Im selling my cradle if any interest, pM me. Only used 1 time...Ive sold the rest of my muskie stuff already.
Dayton area but coud ship or meet reasonable distance away, I do travel over a lot of the state for work.

Salmonid


----------



## Roscoe (Jul 22, 2007)

A BIG Frabill telescopic coated bag net.You can leave the Musky in the net to get the hooks out and keeping it alive as well.That should do it.You probably need at least 2 people if you use a cradle.Net works best though.



Roscoe


----------



## crittergitter (Jun 9, 2005)

From a kayak a big net is a bit of a problem where space is a premium. Ask Bubbagon if anyone in the party is bringing a canoe. They hold a big net better than a 12' kayak. USMC could probably stash one on his Hobie. 

posted using Outdoor Hub Campfire


----------



## MuskieWolverine (May 16, 2012)

I have a Beckman net that I love.
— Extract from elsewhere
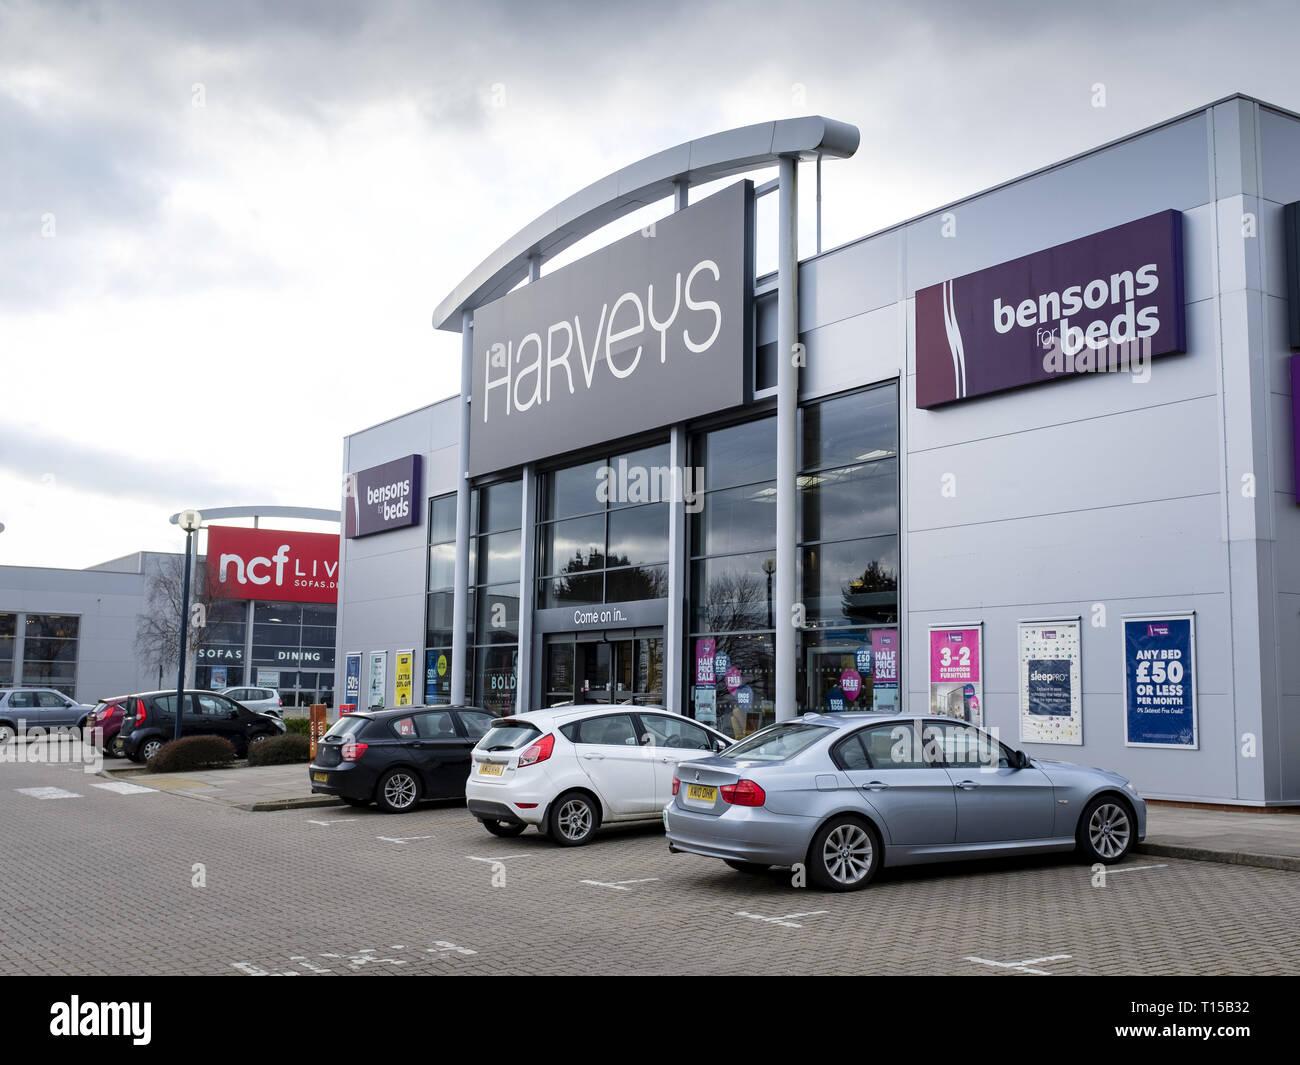 Milton Keynes, UK - February 11, 2019. Exterior of a Harveys furniture store on a retail park. - Stock Image
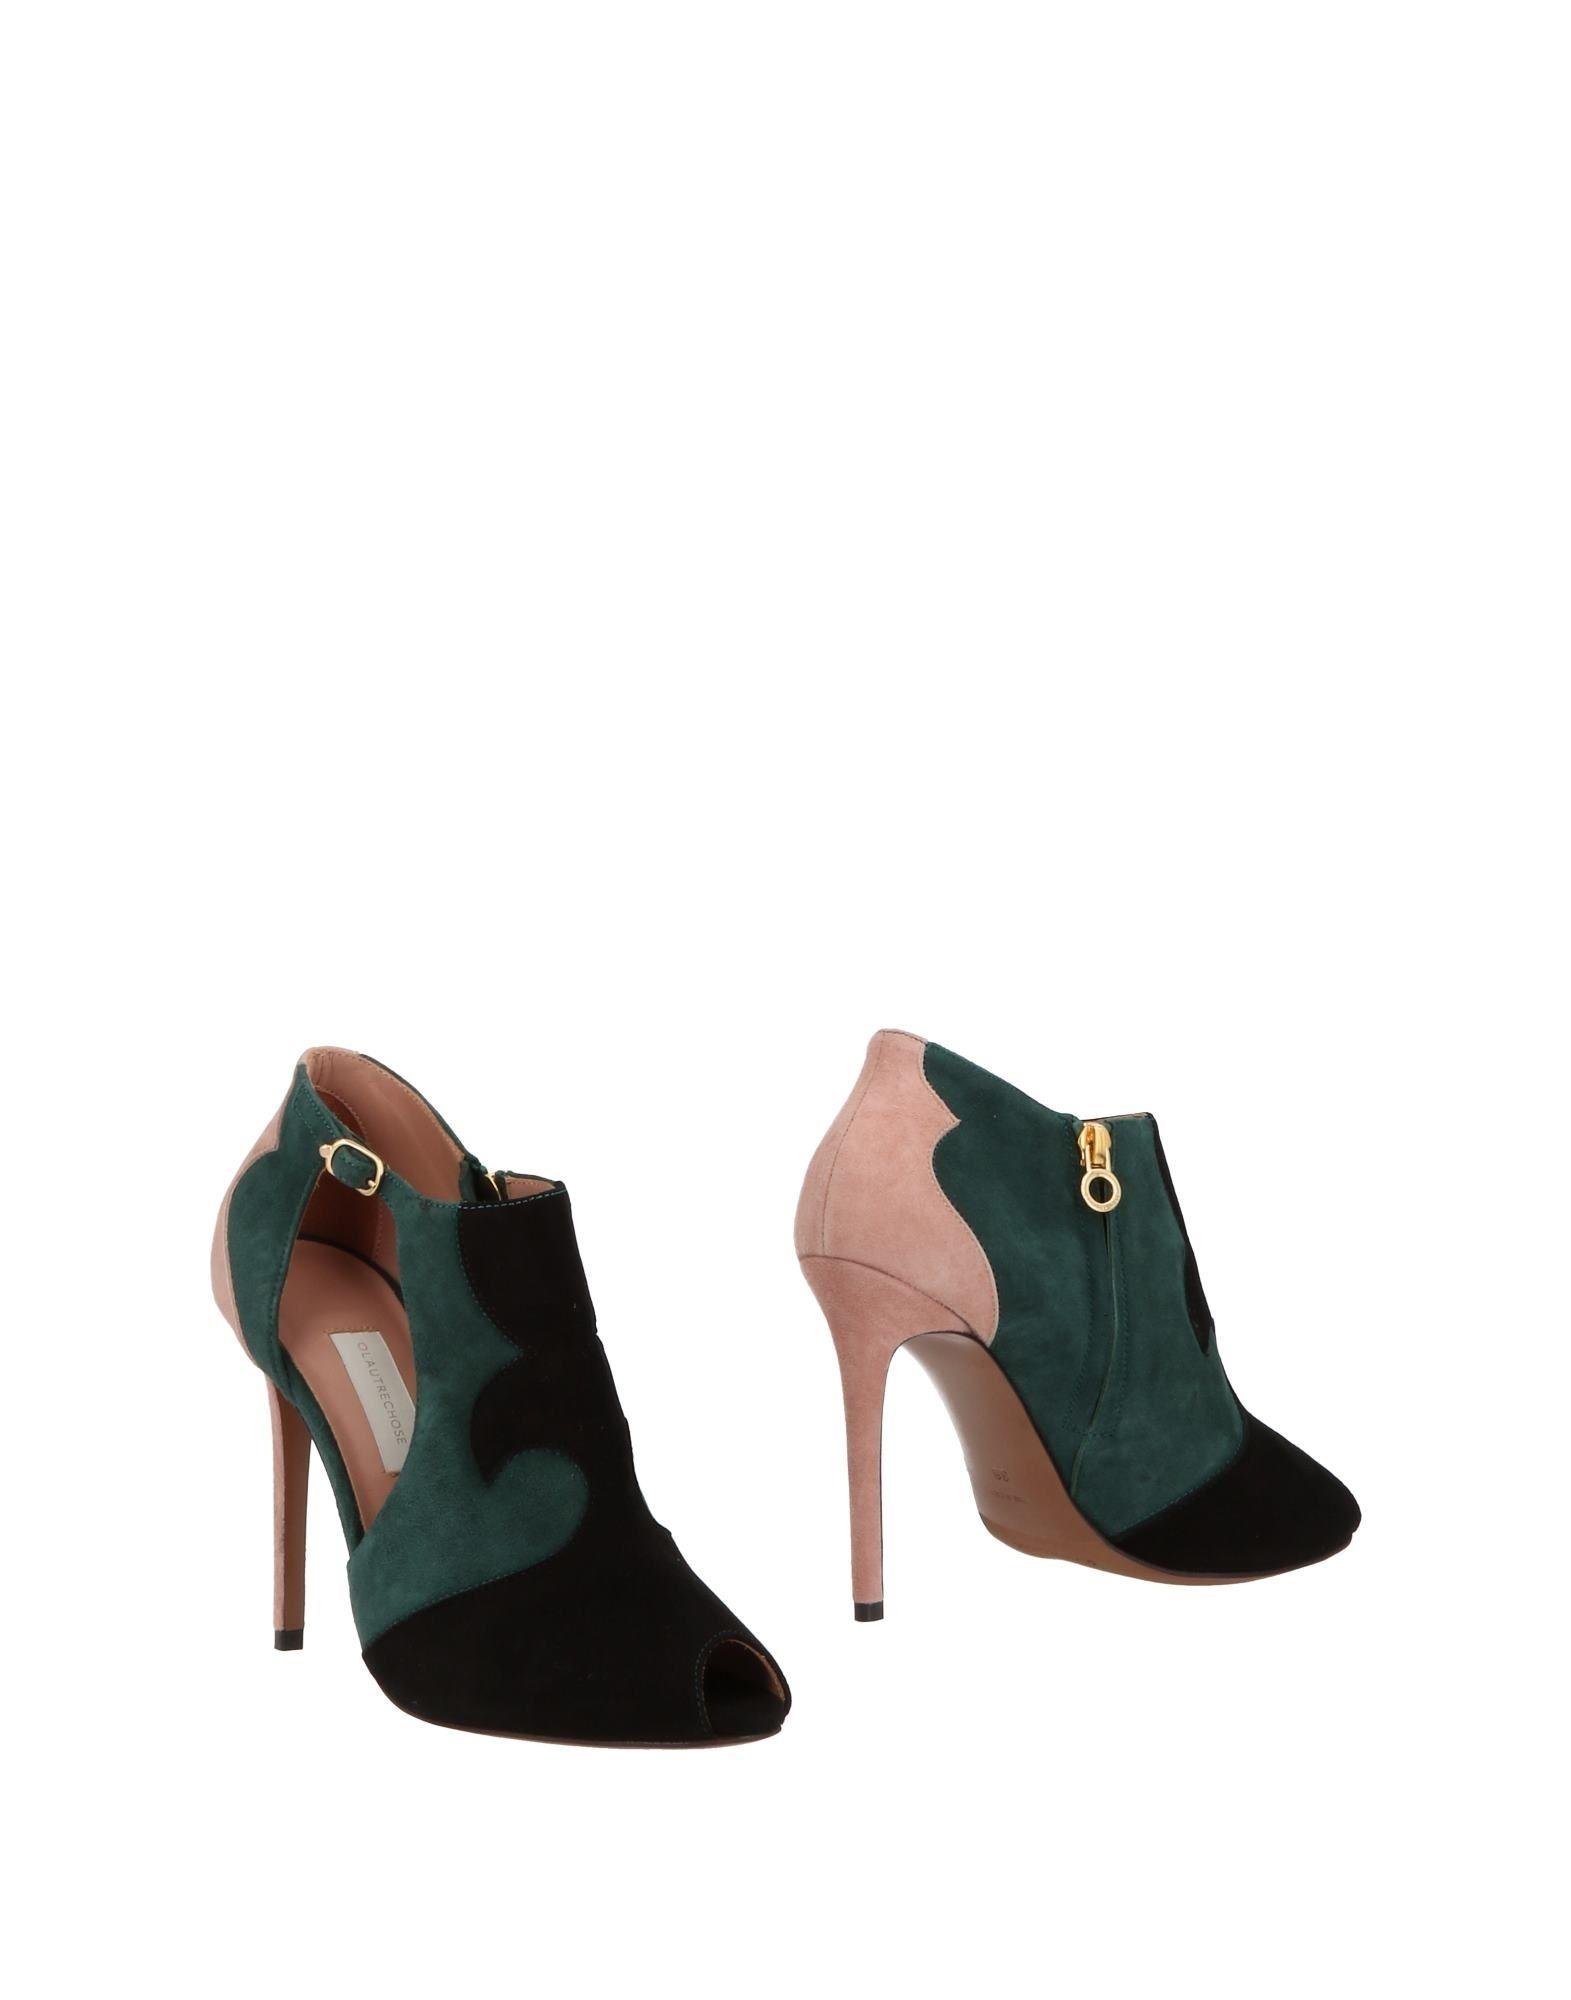 L' Autre Chose 11487645KQGut Stiefelette Damen  11487645KQGut Chose aussehende strapazierfähige Schuhe 22627c

Coated so hooks don't get caught, and big enough that I can leave the fish in the net/water to remove hooks. Had a 49 in it last summer, and plenty of room to work. I used to use a big net, but the non coated netting kept getting the hooks stuck...new net, no problems.

I've never used the cradles, but I imagine it would be next to impossible to use with one person in addition to dealing with rods, pliers, hooks, etc. My result would probably be an expensive muskie cradle sinking to the bottom of the lake.


----------



## Catproinnovations (Dec 8, 2009)

I also have a Beckman it's been a great net had it for years had to replace the net last year put a fin saver on it wouldn't go any other way 


Posted using Outdoor Hub Campfire


----------



## Legend killer (Apr 20, 2011)

backlashed said:


> I've been asked to join a group to fish for muskie and want to get a proper net. Any recommendations? Telescoping pole would be awesome, or are cradles a good/better alternative?
> 
> Thanks!


I am happy to see that you finally see the importance of a muskie net for catch and release. I use a frabill big game, they have a telescopic pole.


----------



## ShutUpNFish (Apr 17, 2007)

Been using a Frabill Power Catch for years....Love it. If you're going to get into muskie fishing, I would also recommend getting yourself a Boga grip. I usually do not net anything under 40" or unless I'm tournament fishing. I use the Boga on everything else and the fish stay in the water until we are ready for a quick picture. Good Luck.


----------



## backlashed (Mar 19, 2011)

Legend killer said:


> I am happy to see that you finally see the importance of a muskie net for catch and release. I use a frabill big game, they have a telescopic pole.


Naw, just didnt want to hear the whining. 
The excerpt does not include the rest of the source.